50 Travel Books to Get You Started on Your Next Adventure

A good travel books and it’s writer must always endure hardship to create. The best travel writers do endure more suffering than most, so perhaps that explains why readers remember their books so well.

This collection of essential travel writing describes difficulties like freezing to death, fleeing for your life, or a nation on the verge of civil war. A journey without problems is a dull one. You can tell the author of a book had more difficulties than just missing the bus when it is called In the Land of White Death.

TRAVEL BOOKS TO GET YOU STARTED

1. The assassination valleys

Stark was a daring explorer whose 1934 book became an instant classic. Her journeys into Luristan, the mountainous region separating Iraq from modern-day Iran, are chronicled in this book.

2. Green Hills of Africa

After visiting the region in 1933 with his wife Pauline, the renowned traveler Hemingway penned this safari journal of the game country in East Africa. the excitement of a good hunt and the beauty of the bush.

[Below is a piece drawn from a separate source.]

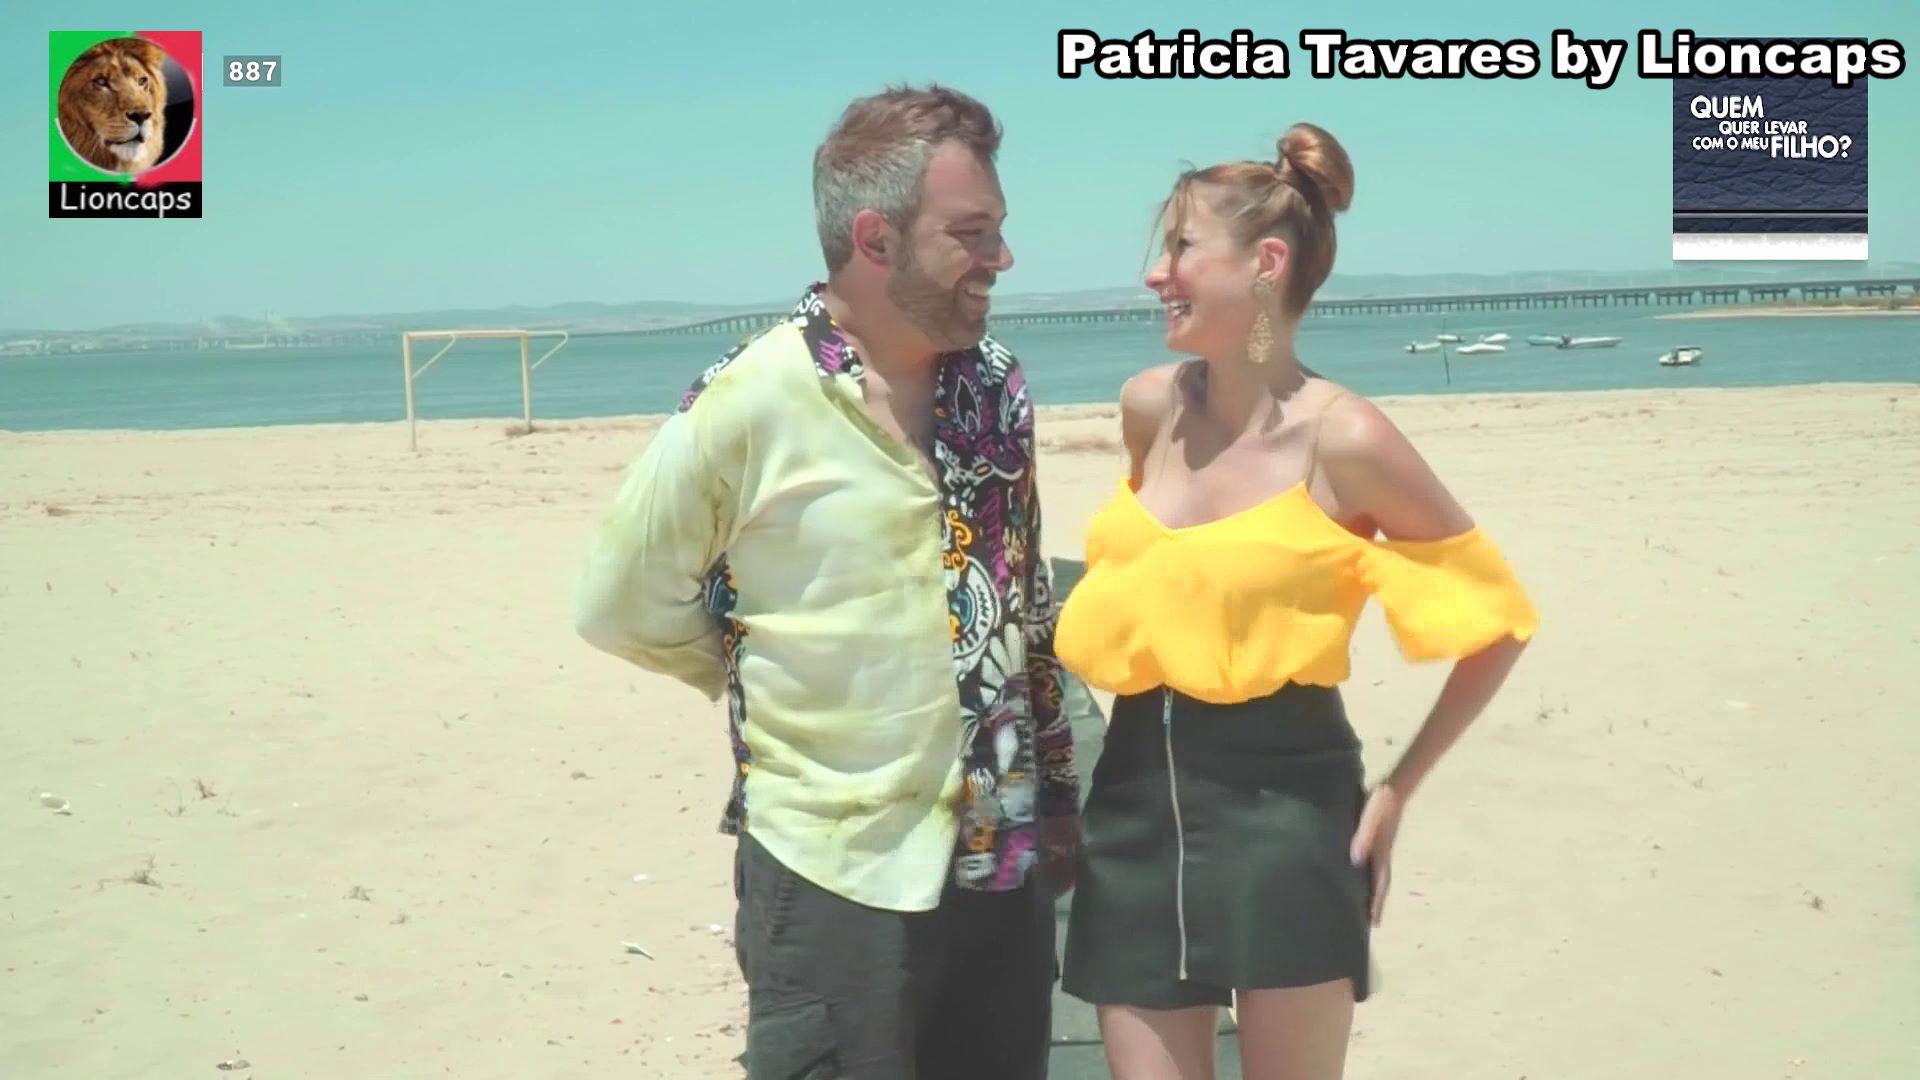 160211822_patricia_tavares_vs200325_1231_122_369lo.JPG

3. In the White Death’s Land

A Russian ship searches for new Artic hunting grounds in 1912, six months after Robert Falcon Scott met his demise in Antarctica, and Albanov and the rest of the crew have a very bad time.

4. Journey without a map

Liberia was unaffected by colonization and Western influences in 1935. On his journey, Greene encounters poverty, disease, and a native spirit that fascinates him.

5. Lost on a Mountain in Maine.

Fendler, a 12-year-old boy, wanders off from his scout group for a while and gets lost. He makes an effort to survive and navigate the wilderness for the following two weeks.

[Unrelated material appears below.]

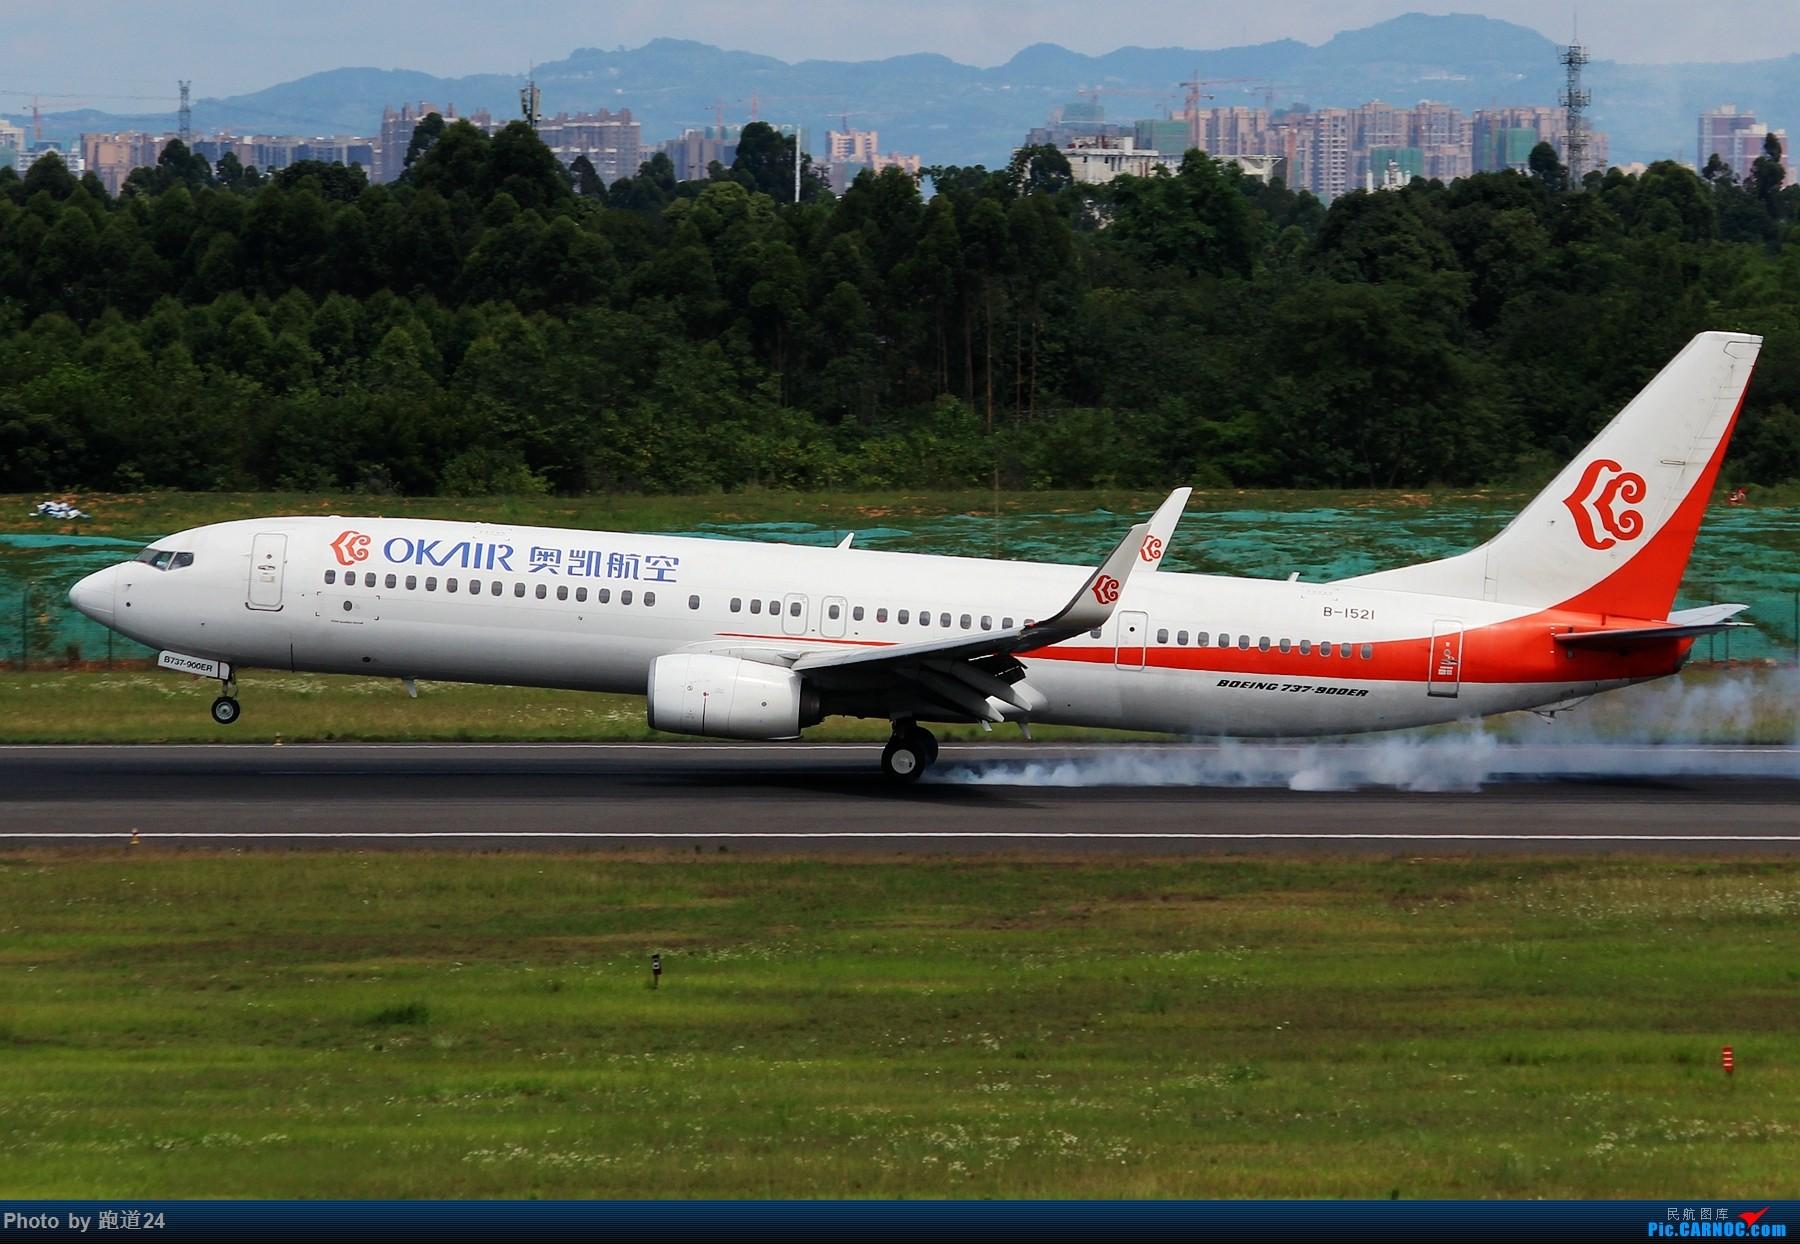 Re:[原创]【多图党】6月18日成都拍机【埃塞俄比亚航空B777-200LR】 BOEING 737-900ER B-1521 中国成都双流国际机场

6. Gray Falcon and Black Lamb

To learn more about the Balkans, read this. The book, which was first published in 1942, describes a six-week journey in 1937. Croatia, Dalmatia, Herzegovina, Bosnia, Serbia, Macedonia, and Montenegro are all in the west.

8. No Picnic on the Mount Kenya

Sounds absurd! Who would escape from an African POW camp to scale a mountain without any supplies, including food, shelter, or maps? Three men on a mission: a remarkable tale. written in 1952.

9. Rome and a Villa

One of the best accounts of the Eternal City, published in 1952. On a Guggenheim fellowship, Clark visited Rome in 1947 and created several sketches of Roman life.

10. Seven years in Tibet

Austrian mountaineer Harrer’s memoir, published in 1953, details his 1943 breakout from an internment camp in India, his journey through the Himalayas, and his stay in Tibet, a country that was then almost unknown to outsiders.

Other travel books includes

  • South from Granada
  • A Short Walk in the Hindu Kush
  • Arabian Sands
  • The Songlines
  • The Innocents Abroad
  • Travels with a Donkey in the Cevennes
  • Travels with Charley
  • The Pine Barrens
  • In Patagonia
  • The Snow Leopard
  • Blue Highways: A Journey into America
  • The Matter of Wales
  • Coming into the Country
  • Iron & Silk
  • Into The Heart of Borneo
  • Great Plains
  • Chasing the Monsoon
  • The Impossible Country
  • In a Sunburned Country
  • Dark Star Safari
  • The Places in Between
  • Cross Country
  • Down the Nile
  • A Time of Gifts
  • Round Ireland with a Fridge
  • The Worst Journey in the World
  • As I Walked Out One Midsummer Morning

FREQUENTLY ASKED QUESTIONS

What is the best travel book of all time?

It is difficult to single out one travel book as the best because there are so many that were inspired by the authors’ experiences.

Conclusion on 50 Travel Books to Get

Travel books are what connect many writers with the experience they had as it is usually a writer’s true story.